Laurence Tribe has an interesting piece in today’s NYT about how the SCOTUS should and apparently therefore will deal with the constitutionality of the ACA. The piece is interesting not because of its deployment of already well-worn arguments regarding the law’s constitutionality, but rather as a sociological document. To wit, what does Professor Tribe think he’s doing? One understanding of the piece is as a Profession of Faith in The Law, i.e., Tribe really and truly does believe that
(1) Questions such as the constitutionality of the ACA have legally correct answers — answers that exist independent of both the narrowly political and broader jurisprudential commitments of the socially authoritative interpreters of these questions (in other words, the answer to the question of whether a law is constitutional is something other than a prediction of what five SCOTUS justices are going to do); and
(2) The current members of the SCOTUS can be trusted to discern those answers correctly, and apply the law without regard to whether they personally like the outcome of the case and controversy in question.*
*Note that Tribe brackets Bush v. Gore so as to exempt it implicity from (2).

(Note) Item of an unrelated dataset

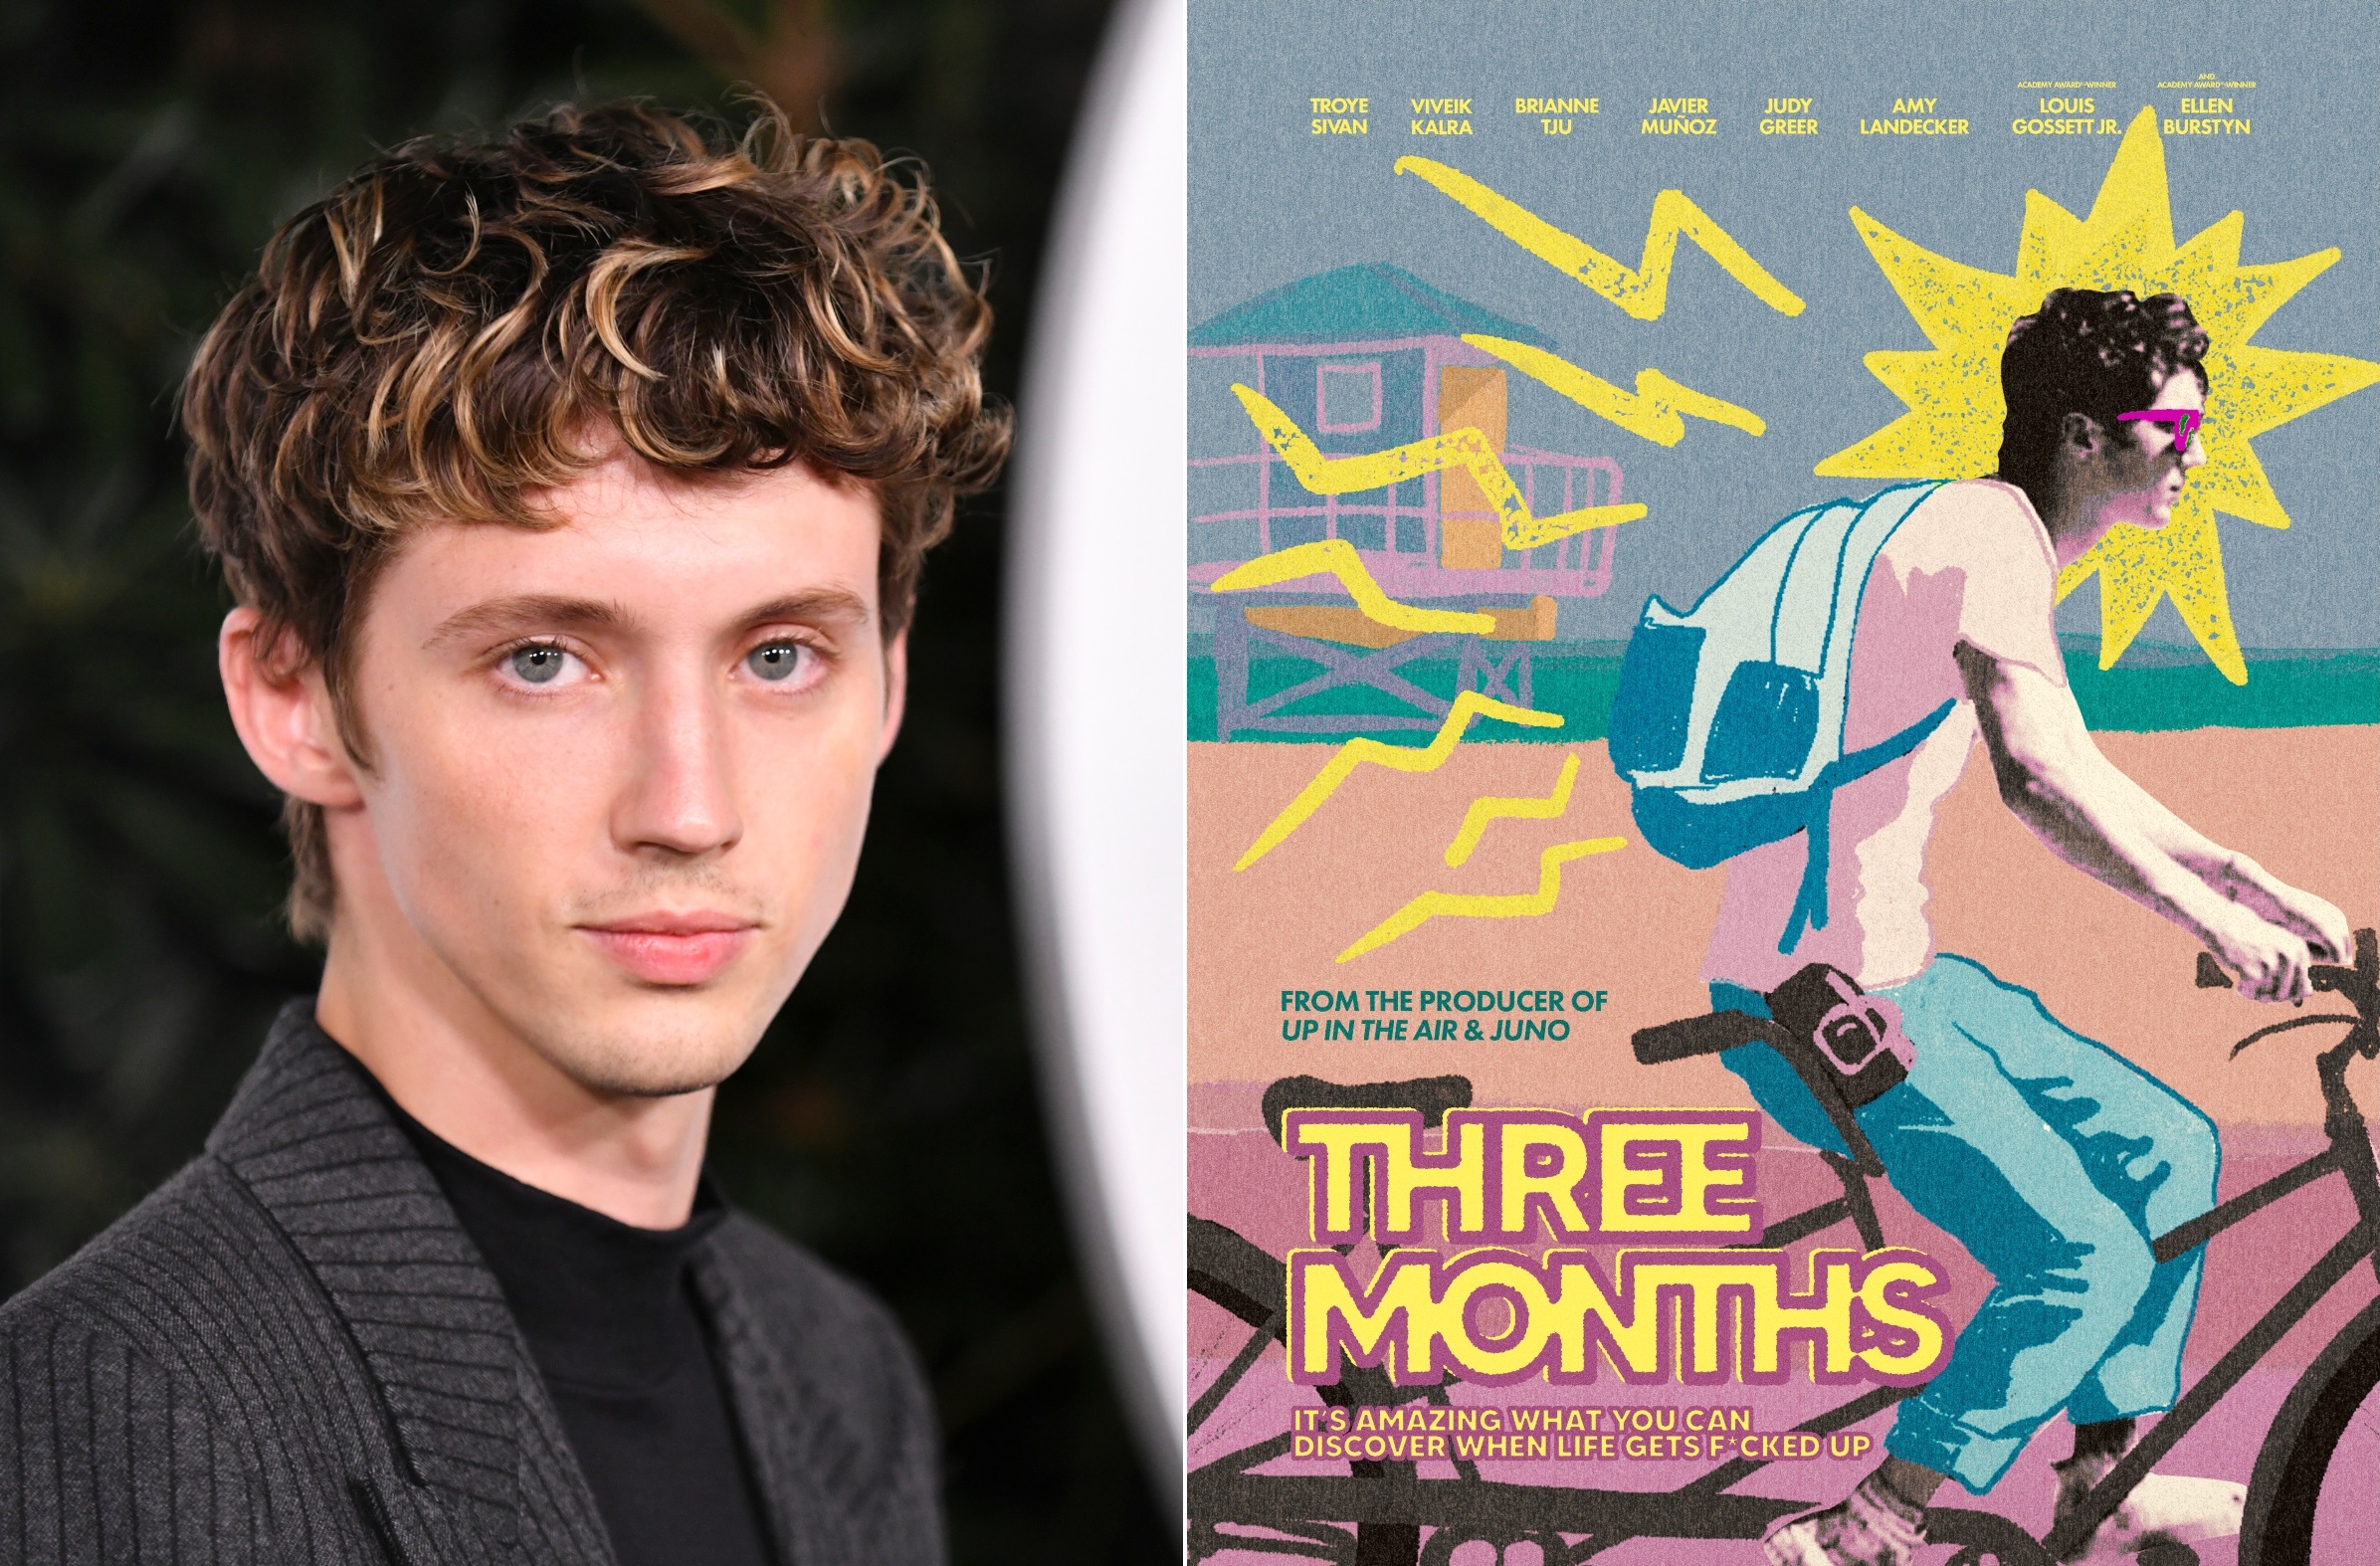 Months earlier. Sivan Troye "in a Dream". Lou 7 months movie.

Another understanding of the piece is that Tribe doesn’t believe either of these assertions, or at least he doesn’t believe the second one, and he’s merely engaging in politics by other means, by trying to pressure a SCOTUS justice or two into acting as he would like to see them act — which of course is to uphold the ACA while purporting to vindicate the validity of claims (1) and (2).
Yet a third possibility is that it’s a little bit of both: that for someone like Tribe, belief in The Law, and the integrity of its interpreters, is a transitory thing — on some days he believes, on others he doesn’t, and on most he just doesn’t think about the question.
(For something that sounds very much like the voice of the true believer, see Professor Randy Barnett’s Senate testimony last week, that comes to diametrically opposite conclusions to those Tribe reaches regarding the ACA and the Constitution).
Yet another question this kind of thing raises, at least for me — that is, for someone who is professionally obligated to teach students to either actually have the beliefs about the nature of the law and legal decision making Tribe and Barnett profess to have, or to at least successfully simulate having those beliefs in the appropriate settings — is how do you deal with this stuff when you don’t believe in it yourself? This, needless to say, isn’t exactly a novel question. Back in the day, Roberto Unger observed that he joined a Harvard Law faculty full of “priests who had lost their faith but kept their jobs.” (For some reason this remark has always reminded me of the Monty Python sketch in which Dinsdale Piranha is described as “a cruel man — but fair!”).
At one level this is a purely practical question. Doctrinal legal analysis isn’t a particularly difficult activity, as intellectual ventures go, but still like any technical, highly self-referential discourse, it’s full of terms of art, rhetorical strategies, and picayune disagreements that are really hard to follow if you’ve lost your faith in the basic cogency of the whole enterprise. Reading a debate between Tribe and Barnett about the Commerce Clause, if you don’t believe in any of this stuff, is probably a lot like trying to follow a theological debate about the Nestorian heresy if you don’t believe in the divinity of Jesus, or a heated argument about whether Trotsky’s criticisms of Stalin’s interpretation of Lenin’s revolutionary praxis were valid if you are not now and never have been a member of the Communist Party.